The good news is that Swanson should return in September and Riley looks like a good bet to do so as well, though he’ll need to return to form in a hurry if that’s to be a benefit. And again, the Braves still have a quartet of bats with a wOBA that ranges from .354 to .401. Losing the guys they did lose hurts, but the 2010 team lost two of their best hitters and replaced them with Brooks Conrad and Omar Infante. Not hating on Infante, but he was no Chipper Jones – even a 38-year-old Chipper Jones.

But it still makes you wonder just how well this team can hold up over the final month-plus. The competition in the division has picked it up and, to this point, none of the moves Alex Anthopoulos made last month have panned out. The last part has to change. Melancon, Chris Martin, and Shane Greene have to turn it around. Someone is going to have to step up. It can’t just be four guys and hope Mike Soroka, Max Fried, Dallas Keuchel, and Julio Teheran have it tonight.

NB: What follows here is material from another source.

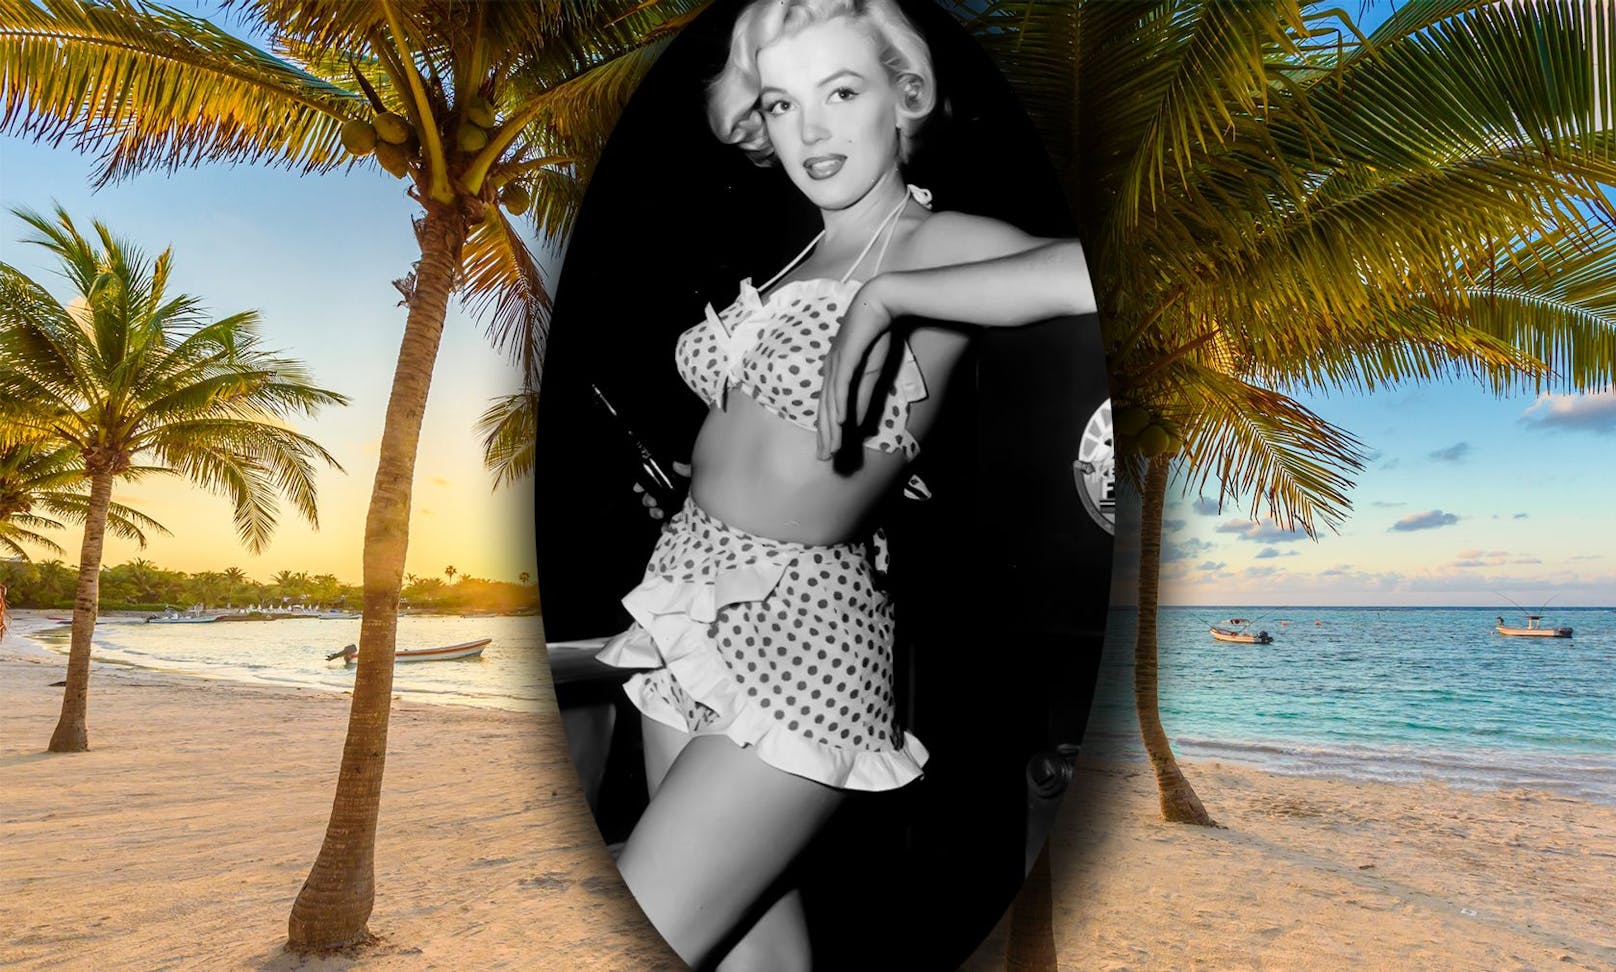 An den Strand wie Marilyn - "Gingham"-Bikini steht dir

In the end, something that both the 2010 roster and this year’s team have in common is their reliance on a wunderkind in the outfield. For that team, it was Jason Heyward, the 20-year-old phenom who paced the Braves with a .849 OPS. This year’s squad has an even better option. Plus, his supporting cast is remarkably better. Heyward didn’t have a Freddie Freeman. He had a washed-up Derrek Lee. Heyward didn’t have a Josh Donaldson. It was Omar Infante instead. And Heyward definitely didn’t have an Ozzie Albies. Brooks Conrad was starting games at second in the playoffs. In case you repressed that from your memory.

This year’s roster is much better than the 2010 roster that was beset by similar injuries. But if the bullpen doesn’t turn it around and guys don’t get healthy in a hurry, this year’s roster might suffer the same ending as the 2010 Braves did. While the Braves are built for the long haul, nothing is promised. The Braves should be a great club for the next several years considering the youth of their players and contract situations being what they are. But other potential dynasties puttered and failed before them. Just because you have a perfect plan doesn’t mean it will be executed perfectly. The Braves don’t want to waste an opportunity at greatness this season. They have the players to hold down the fort. Those guys need to perform and other players need to return to add on.

And if that doesn’t happen, maybe it’s time to see what else the team can pick from their bowl of minor league gems. Maybe a Drew Waters (.836 OPS in 10 games at Gwinnett)? Or maybe a Cristian Pache (elite major-league quality defense in center)? It’s all hands on deck right now. Everything should be open for discussion. The Braves are too good to not go for it.

1 Comments

I expect to see Pache and Waters by the call-up, at least. Maybe sooner, as they seek some kind of spark.
As for the pitching, it’s revolving door time. If anyone is pitching good ball, bring ’em in for a look and send some vets down to find their stuff. (Confidence) Aside from Melancon, Martin and Greene look like their confidence is shook. Newcomb is good until you really need him, and he falls apart. It’s end of the road stuff if Jackson is the most reliable guy.